Miyazaki's grand vision to put the countless millions into machines of wonder instead of war the perfect companion piece to my favorite Miyazaki film at the moment "The Wind Rises". A testament to a shift in consciousness in the man power behind mankind.
Sin una trama muy compleja, aborda aspectos importantes de las relaciones conflictivas y guerras entre naciones, con una construcción de metaforas, al mejor estilo de Hayao Miyazaki, refiriendose al mundo actual que nos rodea. Magia, belleza e impresionantes animaciones edifican un universo creado perfectamente, sin embargo con una atmósfera un tanto infantil para mi gusto crítico.
I tend to have trouble with films where magic is a non-issue. It affords filmmakers the ability to make things up as they go, and excuse glaring inconsistencies by changing the rules of the world on the fly. There are also weird tonal shifts and pacing issues that make "Howl" feel like a minor entry Miyazaki's canon. That should hardly suggest it isn't a pleasure to watch. Bale is excellent, as is Hishiashi's score.
Miyazaki's last masterpiece. There were a few more films after this one, but for me 'Howl's Moving Castle' combines adventure, drama, comedy and fantasy with an wonderful female protagonist, beautiful scenery and sweet score. Forget about those princesses' castles, Howl's is the one you'd kill to live on.

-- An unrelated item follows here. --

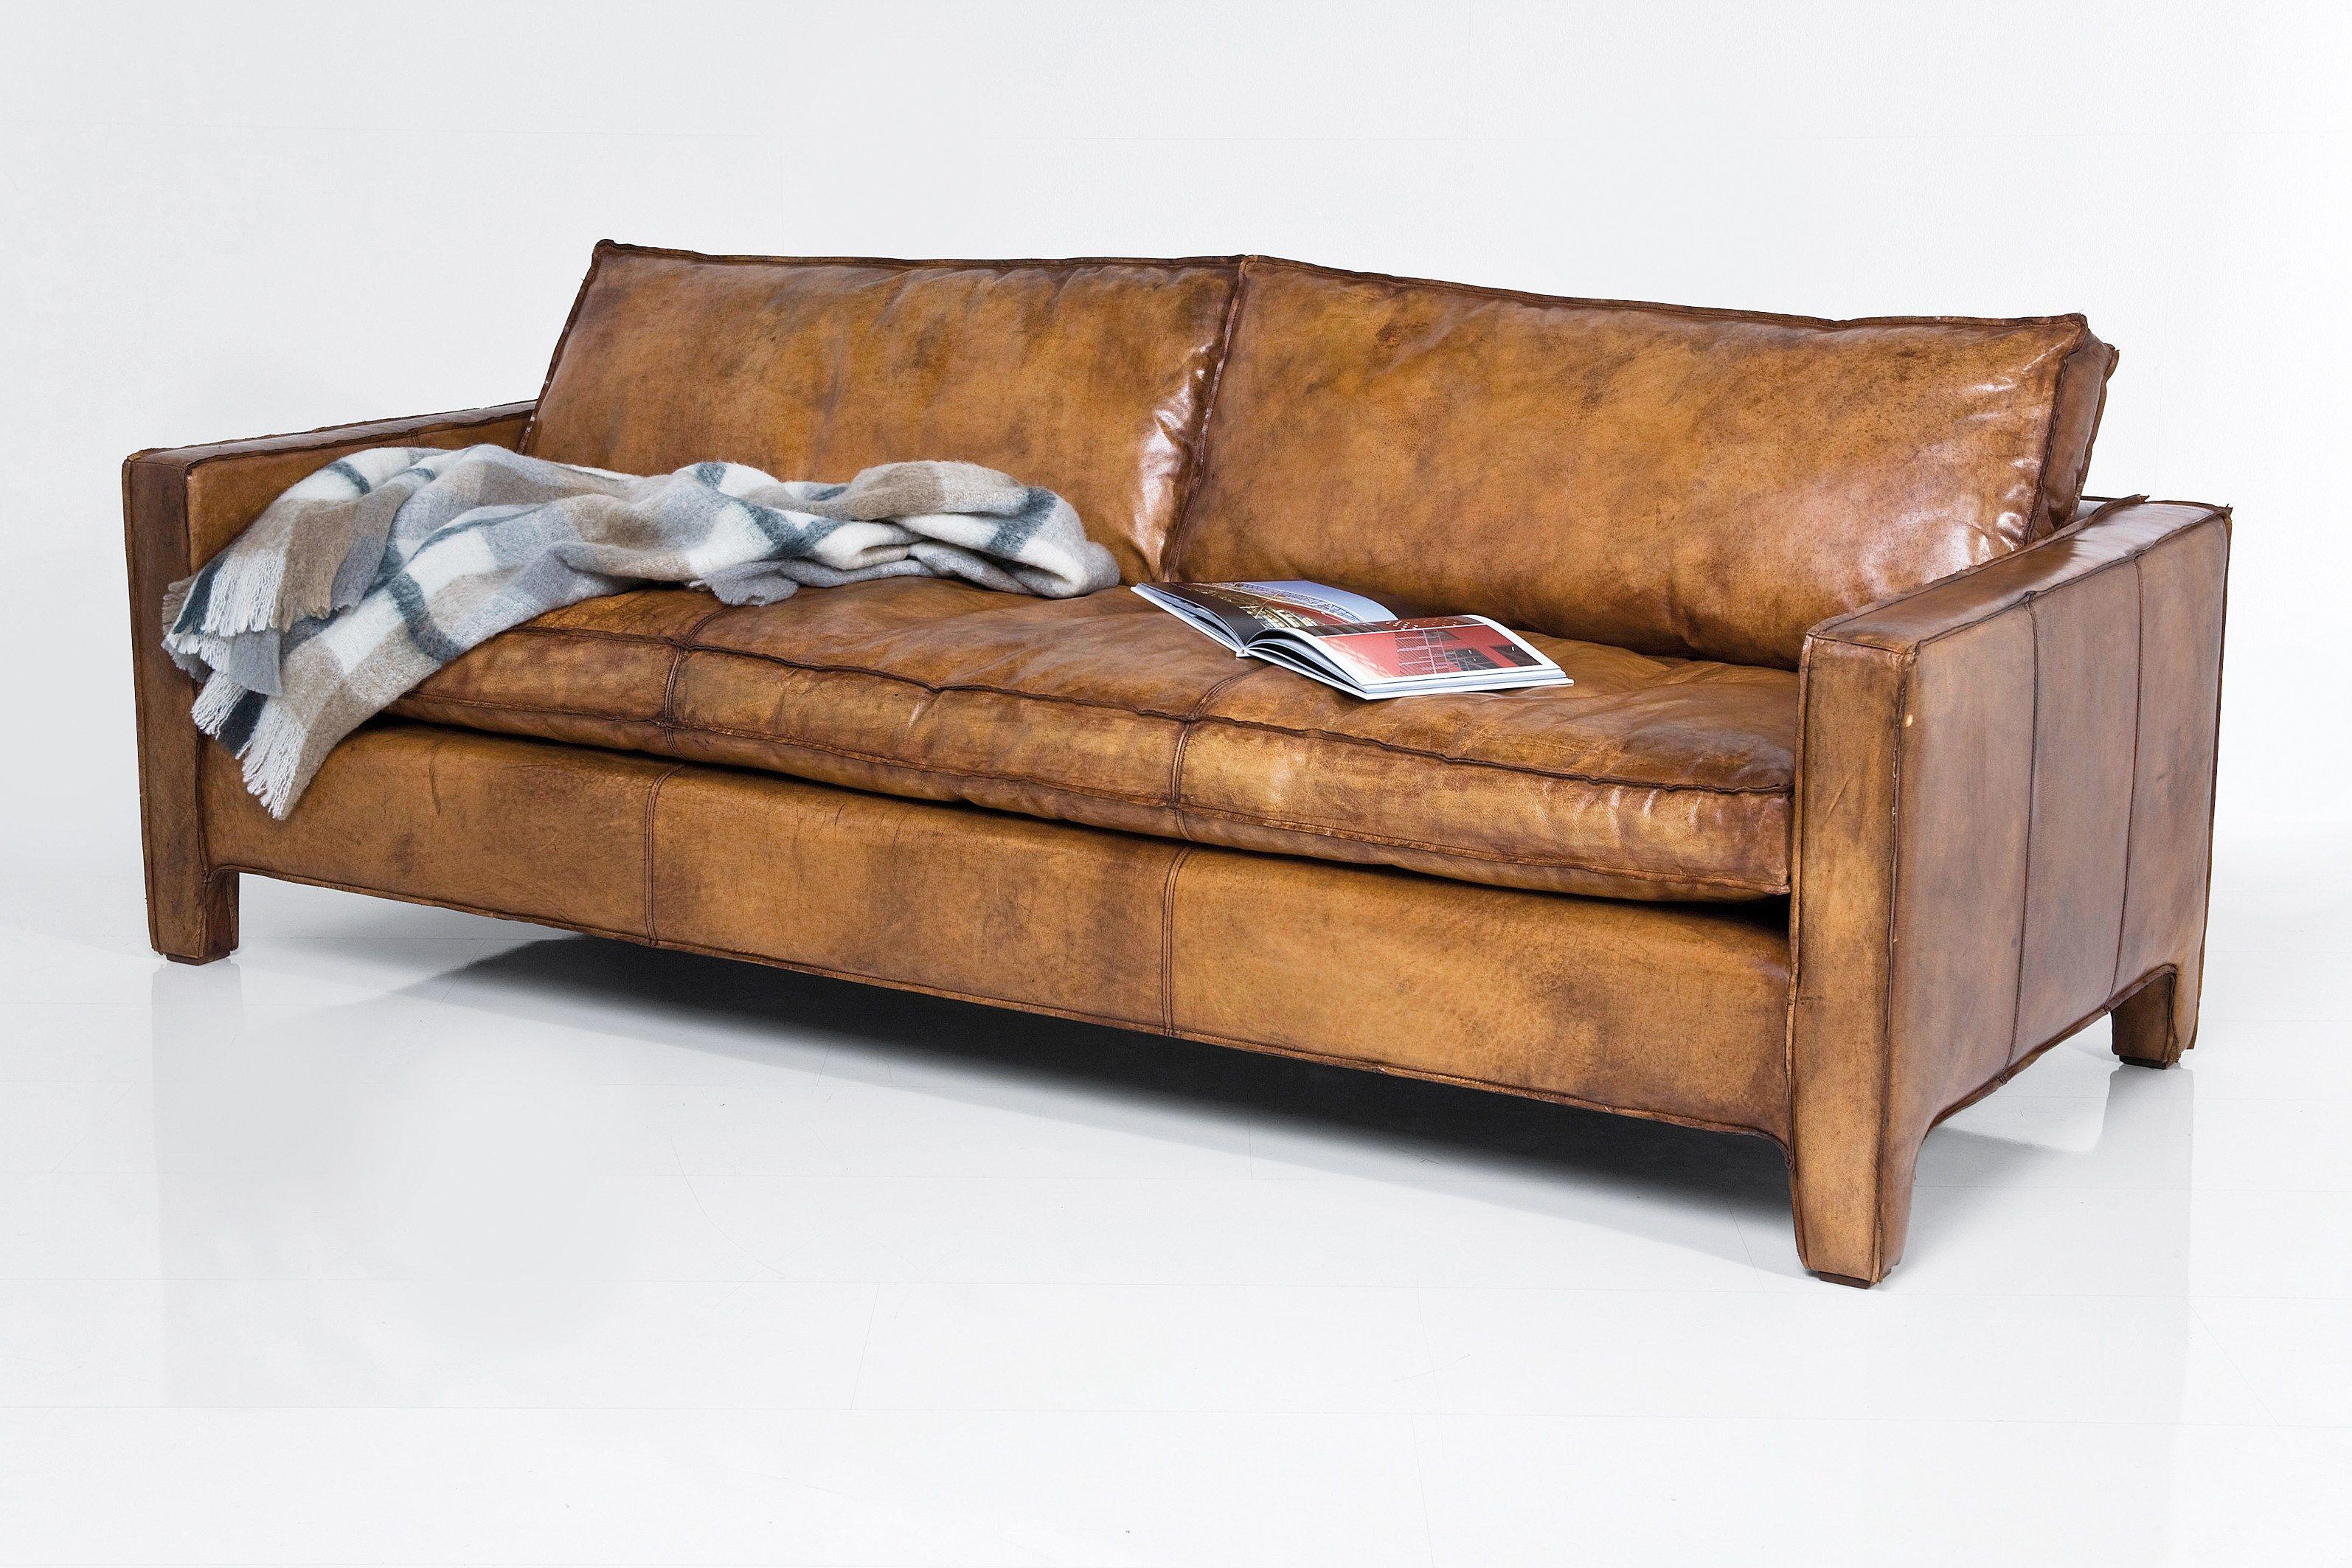 3 er sofa aus leder comfy buffalo brown by kare design. Black Bedroom Furniture Sets. Home Design Ideas

Such a visually and emotionally ravishing film. Miyazaki proves again he's more than just an "Asian Disney," with another magical tale that oozes with melancholy and delight. Just damn, this one left me completely speechless though. I love you, Miyazaki.
My first Miyazaki film, and I'm glad to say it lives up what I've long been hearing about his work. It has its flaws - including an incredibly disappointing, overly-convenient ending, but they can't detract too much from a film so full of imagination and inventiveness. Looking forward to seeing more Miyazaki, especially since I hear this isn't even one of his best.